As for the delivery of the punch, once the rotation of body weight across your centerline has begun with the spring from your rear foot and knee, start to align your rear shoulder and elbow toward the target so the release of the punch is also aligned. Your shoulders should be high and your lead hand should be guarding your face with your elbow down protecting your body. The punch shoots out like a cannon ball. A key point here is don't allow the release of the punch to be delayed by the rotation of the body. This is an important point. Don't let the release of the punch wait until your body weight rotates over and your shoulders and hips square up. Many boxers throw the punch in this manner and it is stronger, but also slower.
If you want a faster cross or rear straight, as your body is rotating on the centerline, engage your rear elbow and lower tricep just enough to initiate the arm even before the rest of your power arrives. Then as the punch lands, the rest of your power and body weight follow behind it. Otherwise, you will telegraph the punch by the movement of your lower body and turn of your shoulder prior to delivery of the punch. As much as possible, everything should be simultaneous (again as much as possible). Certain parts of the body naturally move faster than others (large muscles move slower than small ones), so sequencing of a move is necessary, but the goal is to minimize the steps.
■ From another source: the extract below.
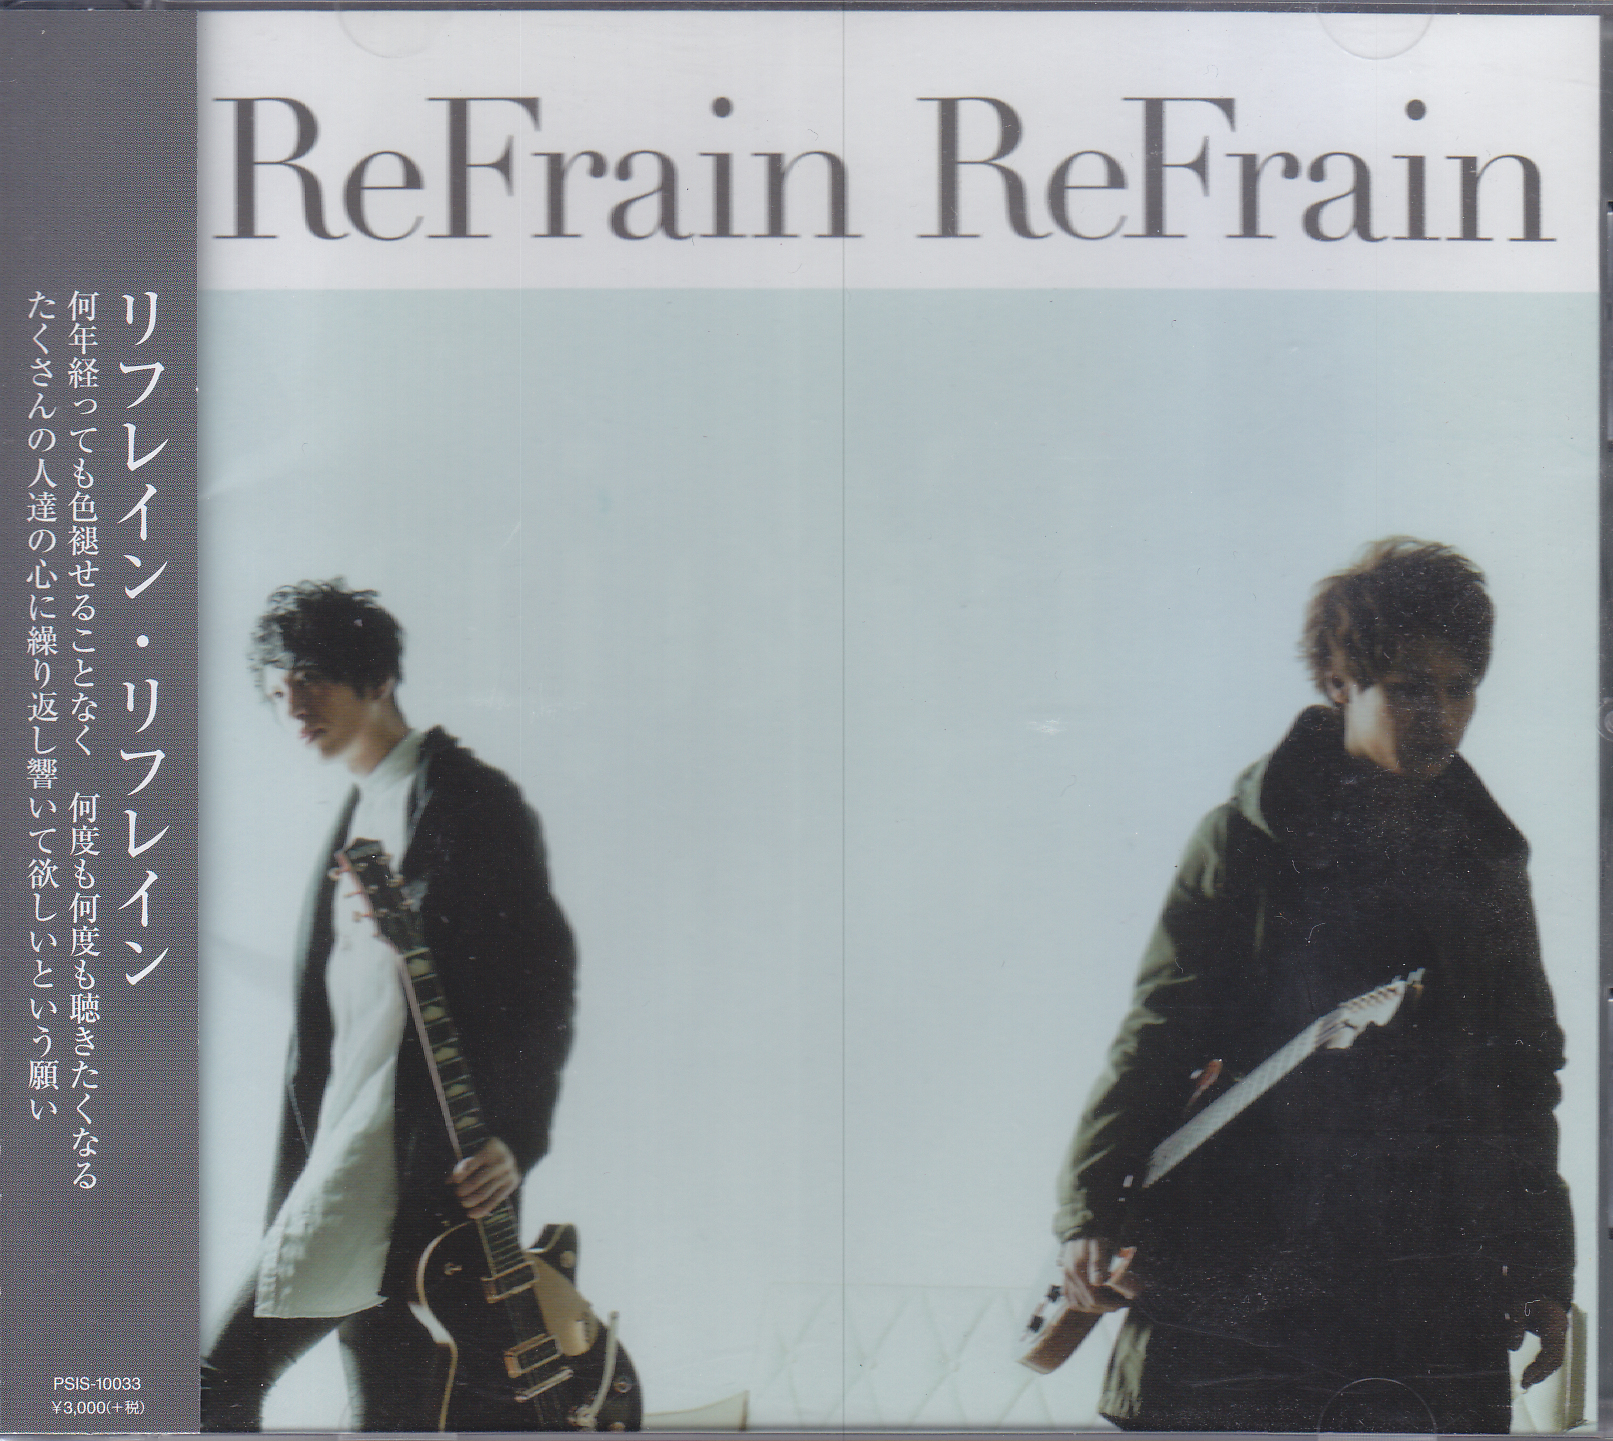 ReFrain ReFrain ( リフレインリフレイン )  の CD ReFrain ReFrain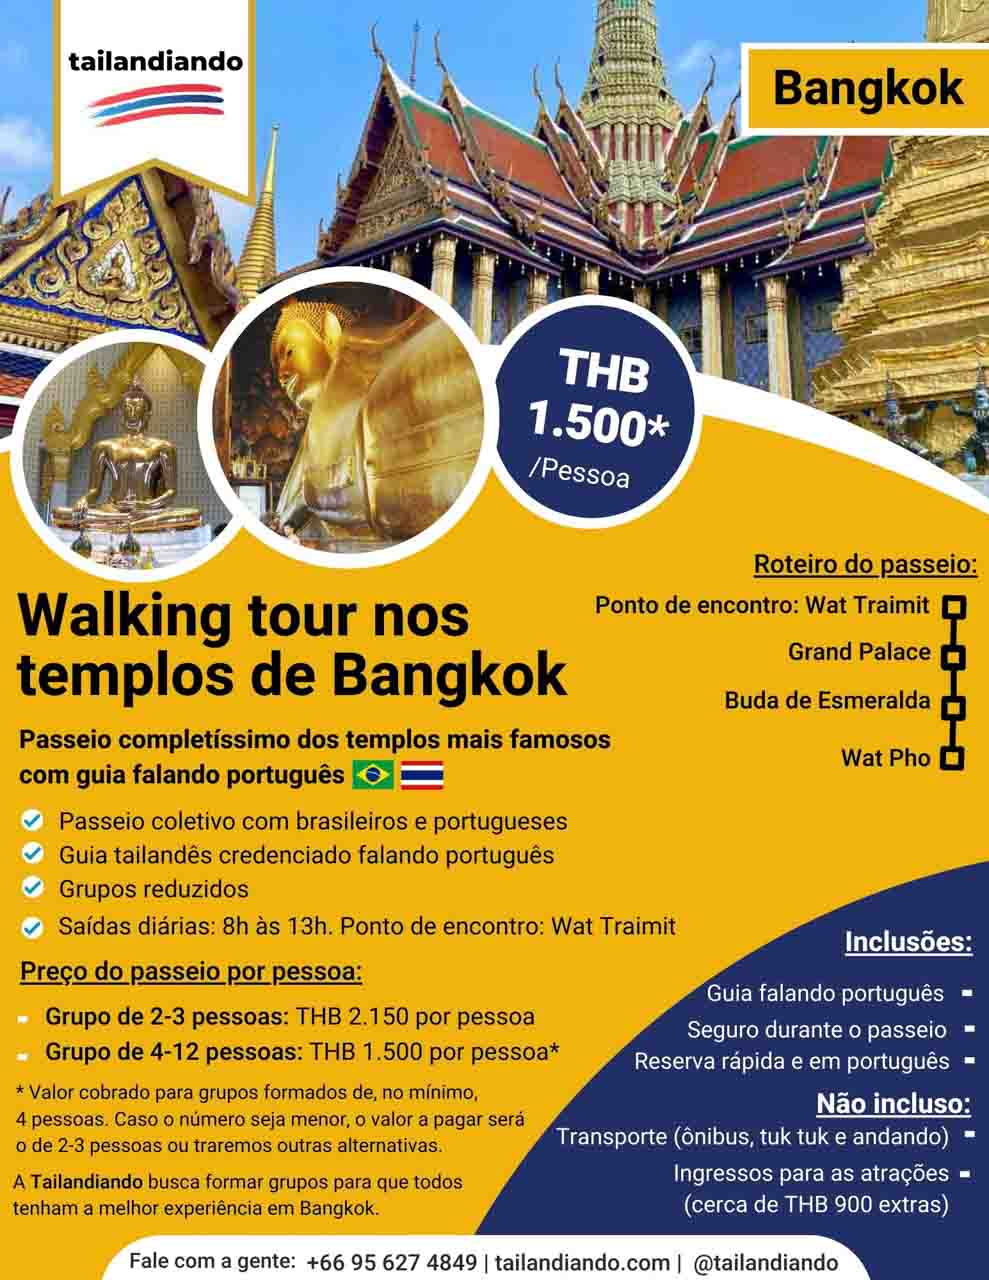 Walking Tour - caminhando pelos Templos de Bangkok com guia falando português - passeio com agência brasileira Tailandiando

Another point on the rear cross is it can be thrown without the start up. Manny Pacquiao, for example, often throws a left cross from a relatively squared posture so there is no "wind up." If you watch his fights, he often feints a slip (slips to his lead side with no punch coming in), as he does so, his rear shoulder naturally moves forward, then he launches his rear cross from here. He uses this "slip" as a natural movement from his stance, so he can easily punch from here without the opponent recognizing the slip as a telegraph to his cross. He simply slips left to right even when his opponent is not punching. In general, natural movements of any kind help to disguise your set up and minimize any preparatory movements. The idea is not to remain static in a "fighting stance." Your stance should be dynamic and alive.
A final point as with all punching, remember to recover well. Bring the hand back like a boomerang, faster than your initial extension forward if possible. Keep the hands high at all times, keep the elbows down especially on this punch as it drains power from the punch and is easier to read if you punch with your elbow out. Many beginners will lean over when throwing this punch. Remember to keep your shoulders level. Imagine a straight bar running from shoulder to shoulder, one side should not be higher than the other. The bar should be straight and parallel to the floor. Obviously, deviations from this are as the situation calls; a lean may be necessary in certain situations, but there is a difference between the unconscious mistakes from a beginner and a master setting aside the rules to freely take control of an opponent.
Thank you for reading. Remember to forever believe in you no matter what, saying no to all that is not in line with who you are. Believe in yourself.